Ele me envia um olhar divertido. — Quer que eu lhe conte fatos nojentos sobre o corpo humano? Eu tenho uma pilha disso.
— Não. Meu cérebro está tão excitado agora que vou achar sexy tudo o que você disser.
— Pobrezinho. — Ele se aproxima e eu dou um passo generoso para trás.
Aponto para a porta. — Dentro. Agora.
Ele olha para onde meu pau ainda está pressionando o zíper da minha calça e lambe os lábios antes de sorrir e vai embora.
Depois que ele vai embora, encosto-me na parede e espero. Tenho certeza de que o frio acabará resolvendo o problema.
Mesmo que provavelmente demore um pouco.
Quando volto para dentro, Wuxian está sentado em outra mesa, em frente a Hao, e envolvido no que parece ser um debate acalorado com Soren.
— Tudo o que estou dizendo é que se você tivesse que escolher entre ser talentoso e ter sorte, e seu objetivo final fosse ter sucesso, a sorte teria um papel maior nisso do que o talento — diz Wuxian.
— Você está dizendo que estou aqui porque tive sorte? — Desafia Soren.
— Não apenas  sorte. Não estou dizendo que você não tem habilidades — diz Wuxian.
— Estou dizendo que a ordem de importância para alcançar o sucesso em qualquer área é a sorte, seguida pelo talento, seguida pelo esforço.
Soren se inclina para trás e cruza os braços sobre o peito. — Cara, isso não está certo. Gretzky teve sorte? Ou, tipo... os Beatles?
— Sim — Wuxian diz calmamente. — Eles tinham talento, mas definitivamente também tiveram sorte.
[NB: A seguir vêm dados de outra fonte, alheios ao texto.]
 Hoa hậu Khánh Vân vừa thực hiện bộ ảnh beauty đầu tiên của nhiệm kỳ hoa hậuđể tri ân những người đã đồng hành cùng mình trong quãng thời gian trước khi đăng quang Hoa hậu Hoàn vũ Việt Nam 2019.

— Gretzky é o melhor jogador de todos os tempos! — Soren diz.
— Talento incomparável.
— Você realmente não pode reivindicar um talento incomparável. Pode haver muitas outras pessoas que teriam feito o mesmo, mas nasceram no lugar errado e na hora errada.
— Se você pensar bem — diz Hao com um olhar aparentemente inocente para Soren. — Nascer com talento ou habilidade inata também pode ser considerado sorte.
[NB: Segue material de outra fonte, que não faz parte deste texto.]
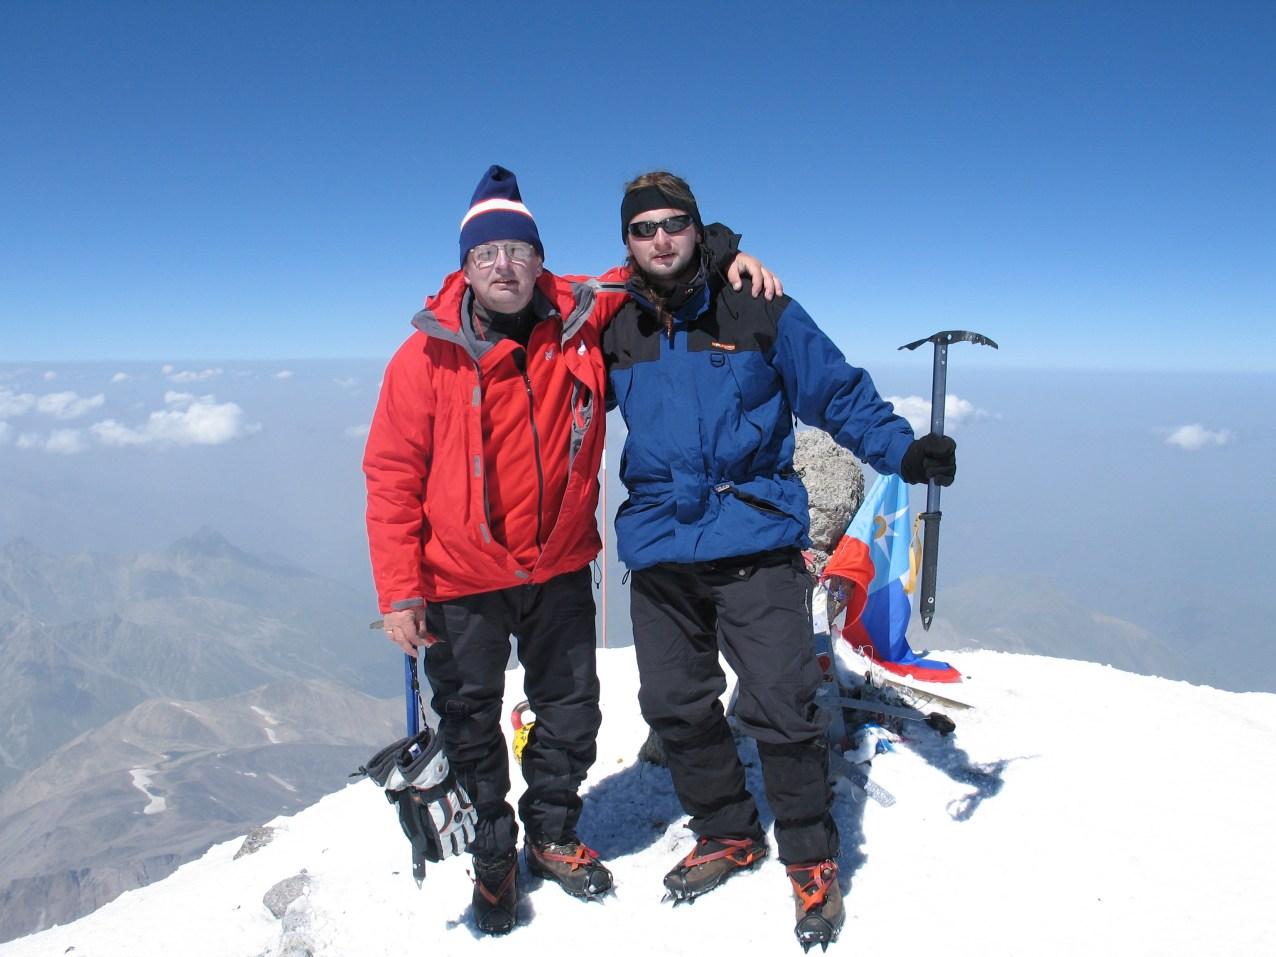 Na szczycie Elbrus - 5642 m n.p.m.

— Ou ter nascido — diz Wuxian, sorrindo para Hao.
Soren pisca um pouco antes de balançar a cabeça e se levantar. Ele aponta primeiro para Wuxian, depois para Hao. — Foda-se e foda-se. Vocês estão errados. Vou pegar outra bebida. E não se movam. Tenho mais coisas a dizer.
Wuxian e Hao levantam os dedos médios para ele em uníssono.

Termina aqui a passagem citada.